AI Coding Agents Can Fix a Bug. SWE-CI Asks If They Can Do the Job for Six Months.

Getting a coding agent to patch a bug is one thing. Keeping a codebase functional across six months of continuous development is something else entirely — and until now, no benchmark has seriously tried to measure the difference.

SWE-CI, developed by researchers at Sun Yat-sen University and Alibaba Group and posted to arXiv in early March 2026, fills that gap. The benchmark consists of 100 tasks drawn from real-world repositories, each tied to an authentic development history spanning an average of 233 days and 71 consecutive commits. Agents aren't presented with a frozen snapshot of a repo and asked to fix one thing. They have to work through the code as it actually evolved — new features, refactors, dependency changes, the lot.

That's a direct challenge to SWE-bench and similar evaluations, which treat software engineering as a series of isolated one-shot problems. The researchers cite Lehman's Laws of software evolution, which predict that unmaintained code degrades predictably over time, and point out that maintenance already accounts for somewhere between 60 and 80 percent of total software lifecycle costs.

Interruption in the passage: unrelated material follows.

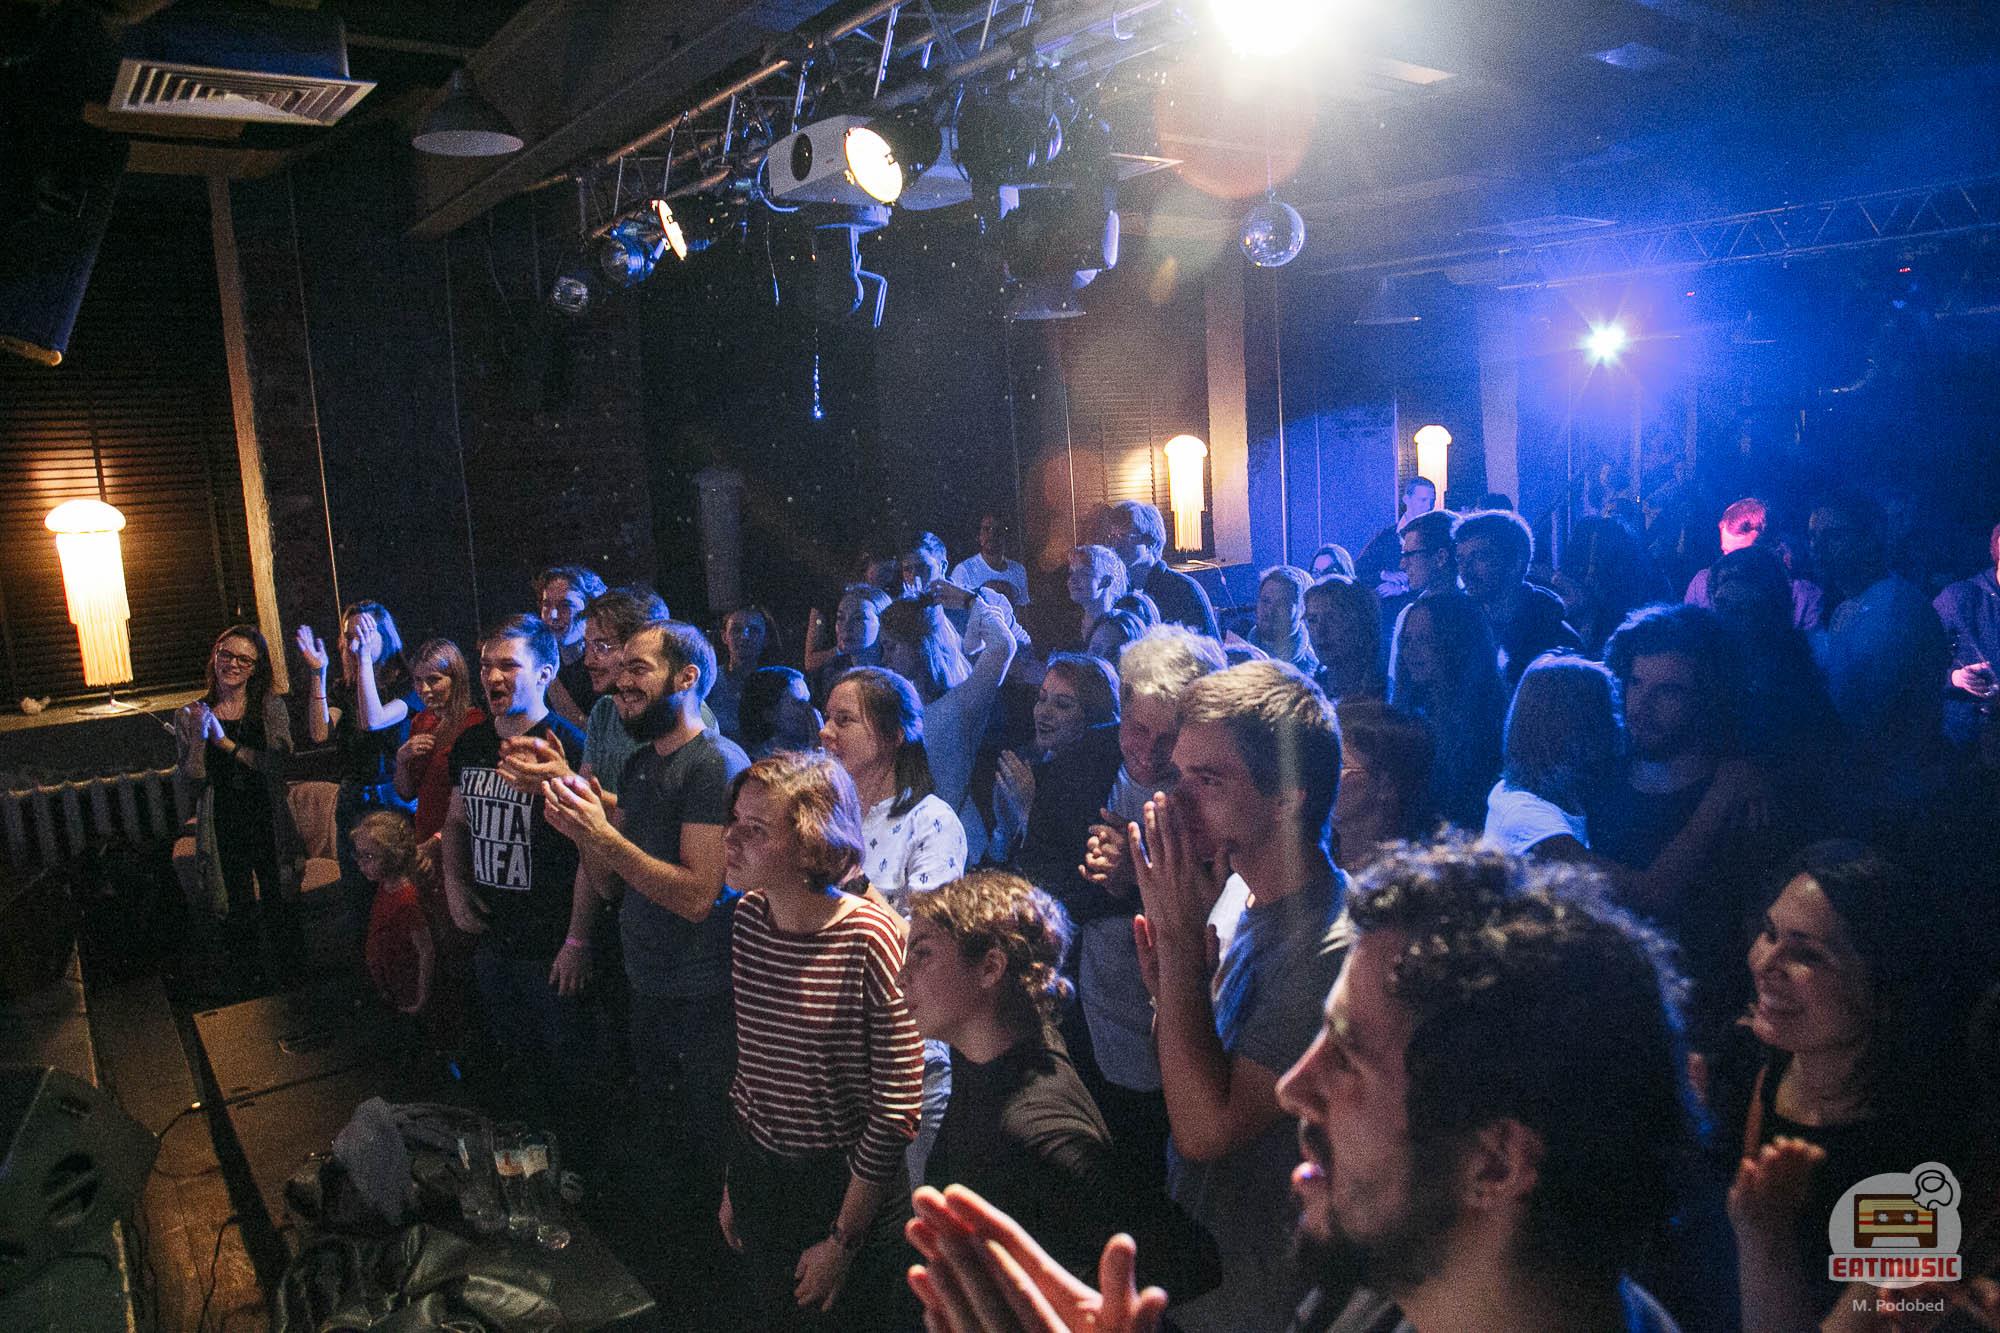 Концерт Carbon White в клубе Fassbinder: фотограф - Михаил Подобед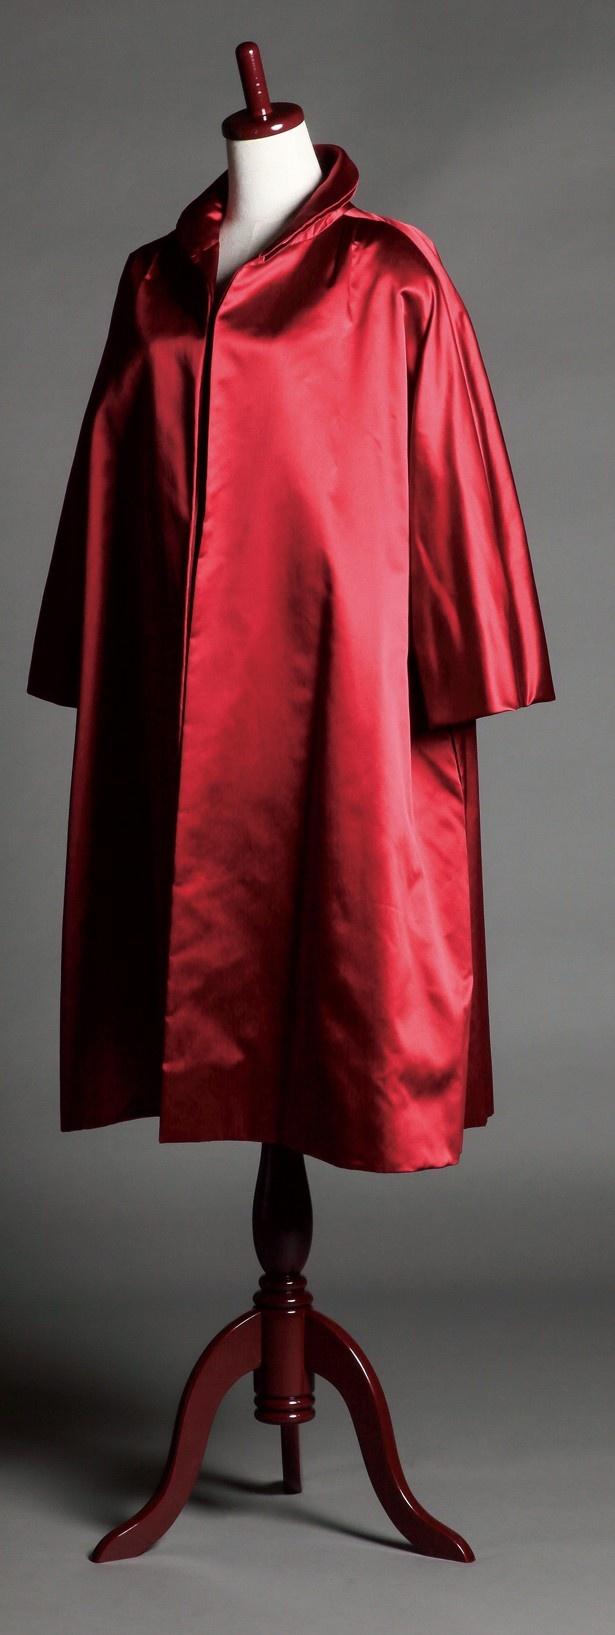 グレース・ケリーが愛用した「Dior」のサテンコート

A patch that works today might rot quietly for months before it causes a real failure — a one-shot benchmark will never catch that.

To measure something more meaningful, the team introduces two new metrics. Normalized Change scores how closely an agent's modifications match the actual commits made by human developers at each stage. EvoScore looks at code quality sustainability across the full timeline — the idea being that a clean, extensible fix should hold up better than a hard-coded workaround as the codebase keeps moving. Evaluation runs on a dual-agent protocol pairing an Architect with a Programmer, designed to reflect how real agentic development workflows tend to be structured.

Early results are instructive without being surprising: LLM code maintenance capabilities are improving, different providers weight maintainability differently, and all of the tested models struggle with regression control over long horizons. None of them have cracked the problem of writing code that stays good rather than just working.

The dataset and evaluation code are publicly available on Hugging Face (skylenage/SWE-CI) and GitHub (SKYLENAGE-AI/SWE-CI). The authors are Jialong Chen, Xander Xu, Hu Wei, Chuan Chen, and Bing Zhao.